• [DATASET EXTRACT]
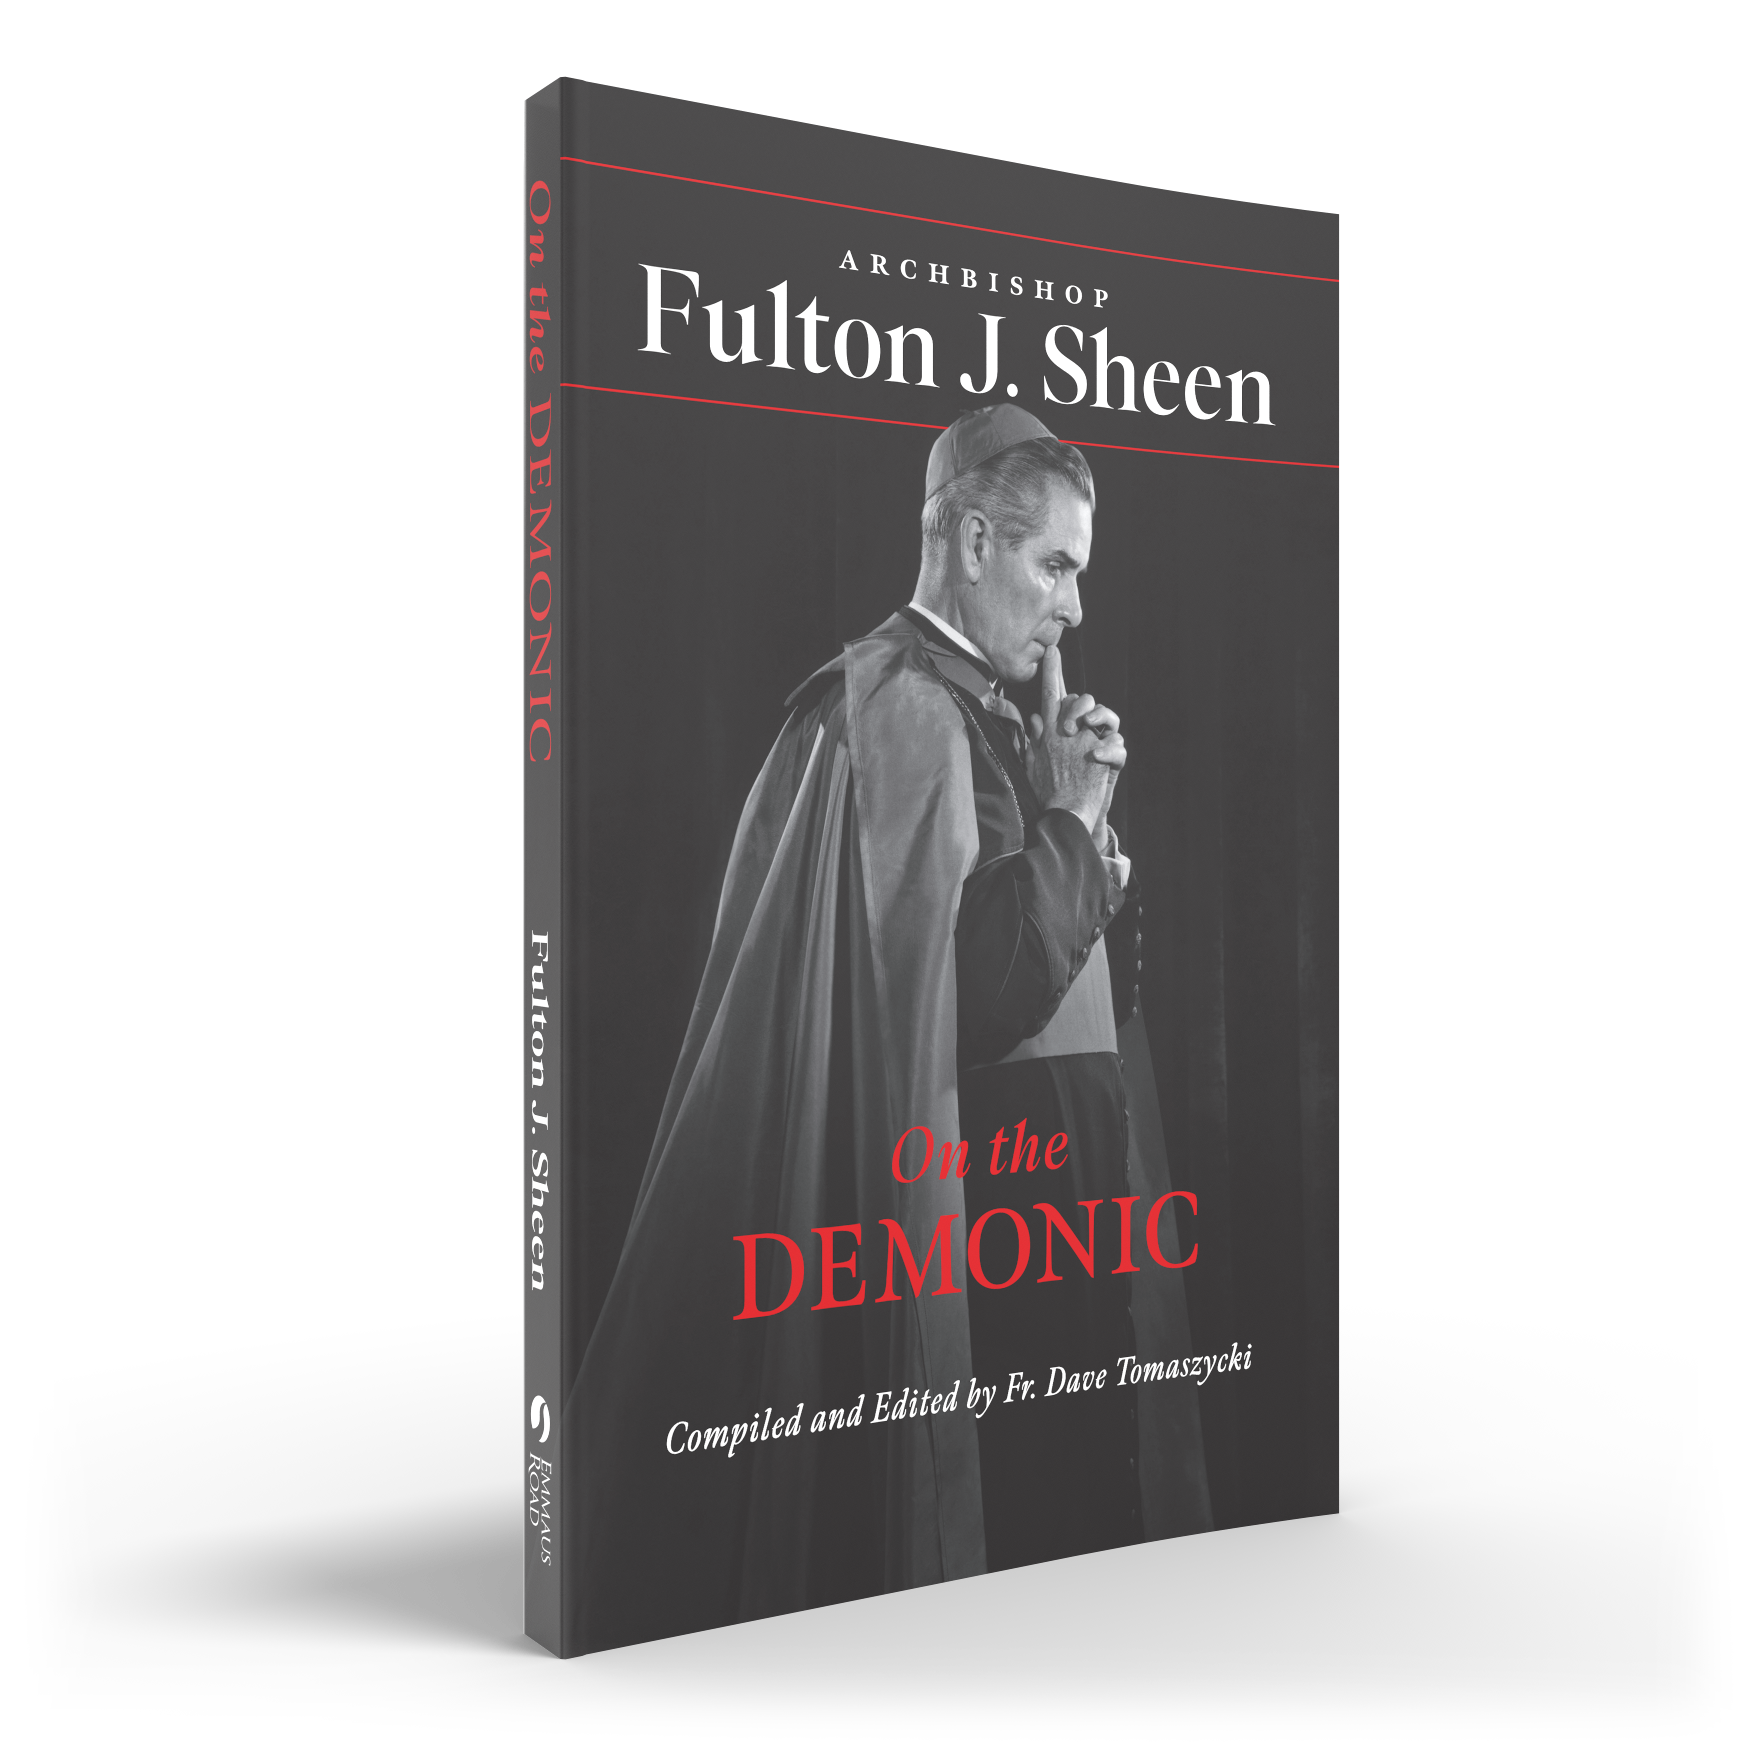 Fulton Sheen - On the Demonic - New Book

--

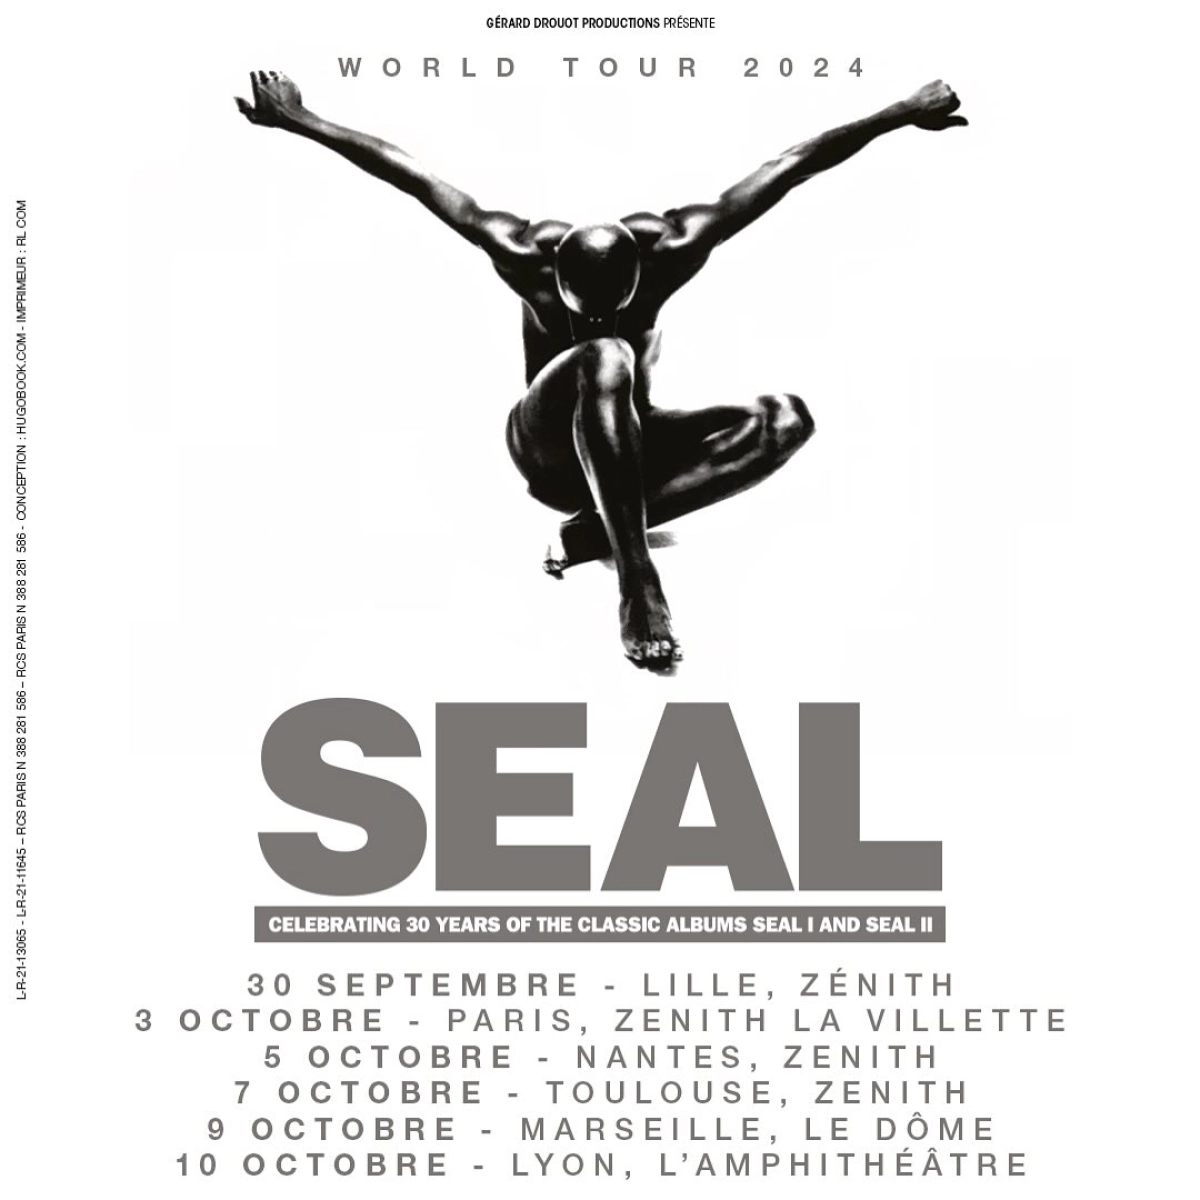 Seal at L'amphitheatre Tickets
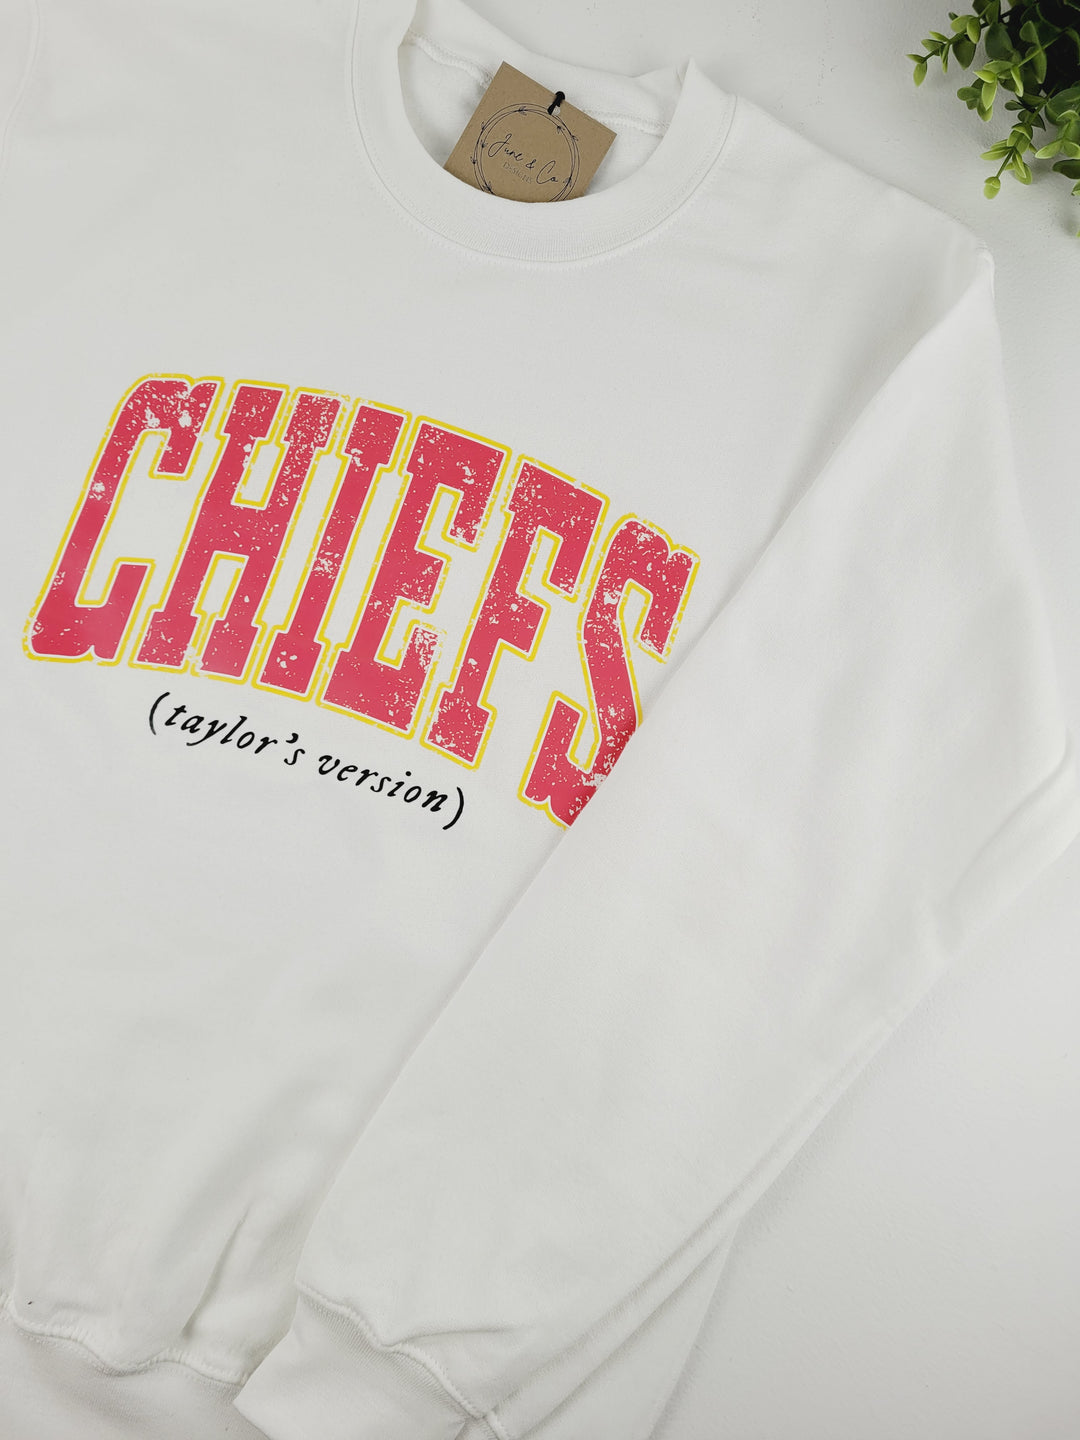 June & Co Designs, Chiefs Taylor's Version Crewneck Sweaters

---

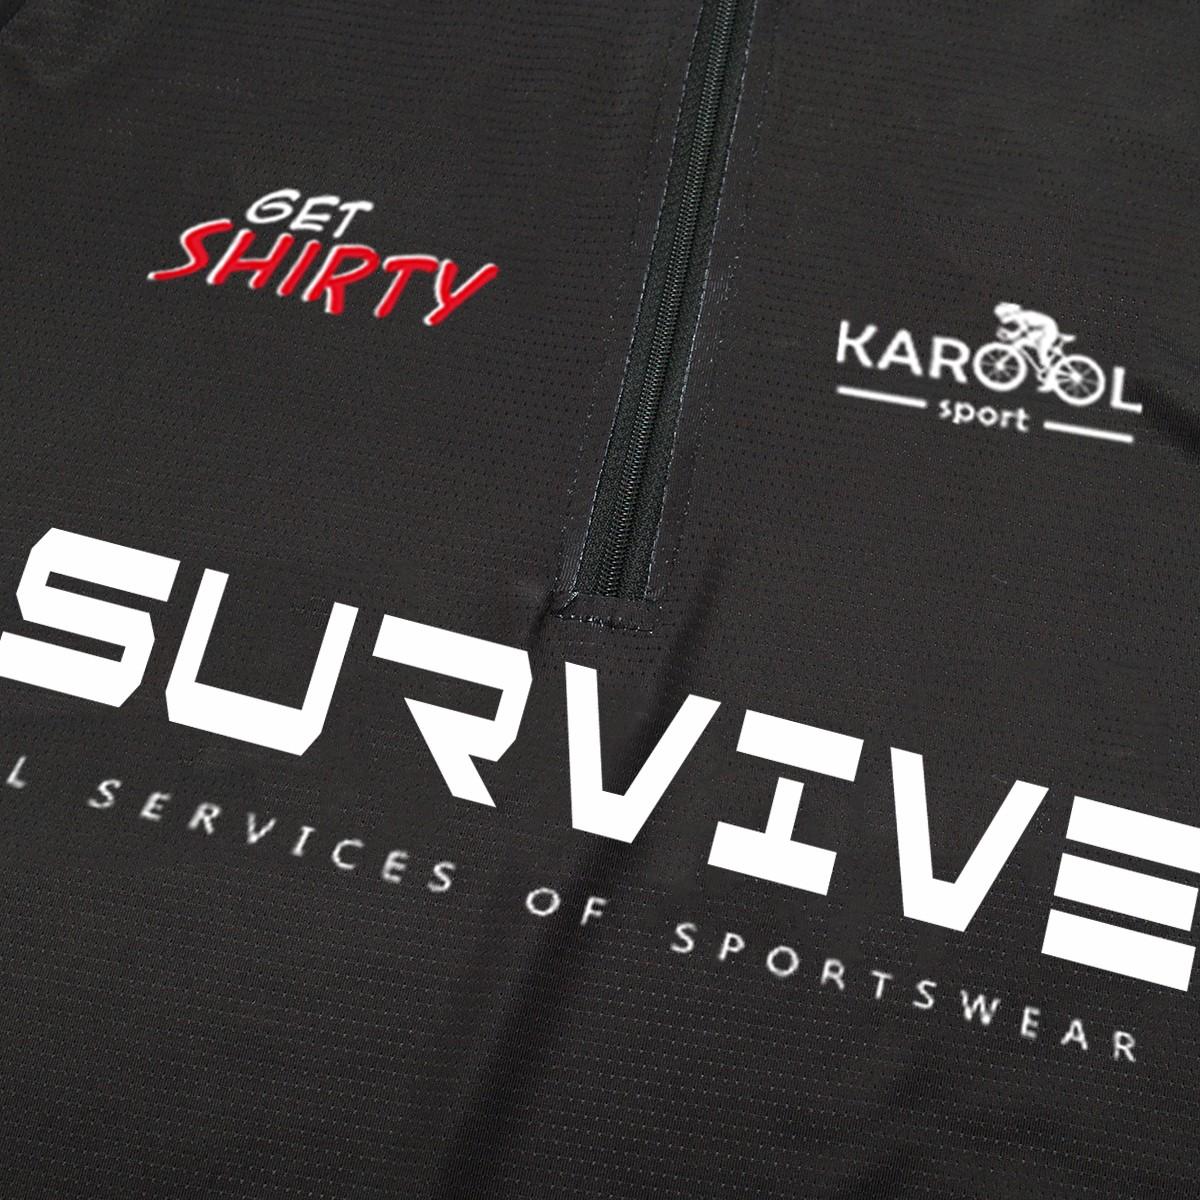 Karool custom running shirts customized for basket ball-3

• [ACTIVITY] Whatever pictures the records hold, omit them; give again exactly the lines from the one containing "Seal at L'amphitheatre Tickets" through the one containing "June & Co Designs, Chiefs".

• [EXPECTED OUTPUT]
 Seal at L'amphitheatre Tickets
 June & Co Designs, Chiefs Taylor's Version Crewneck Sweaters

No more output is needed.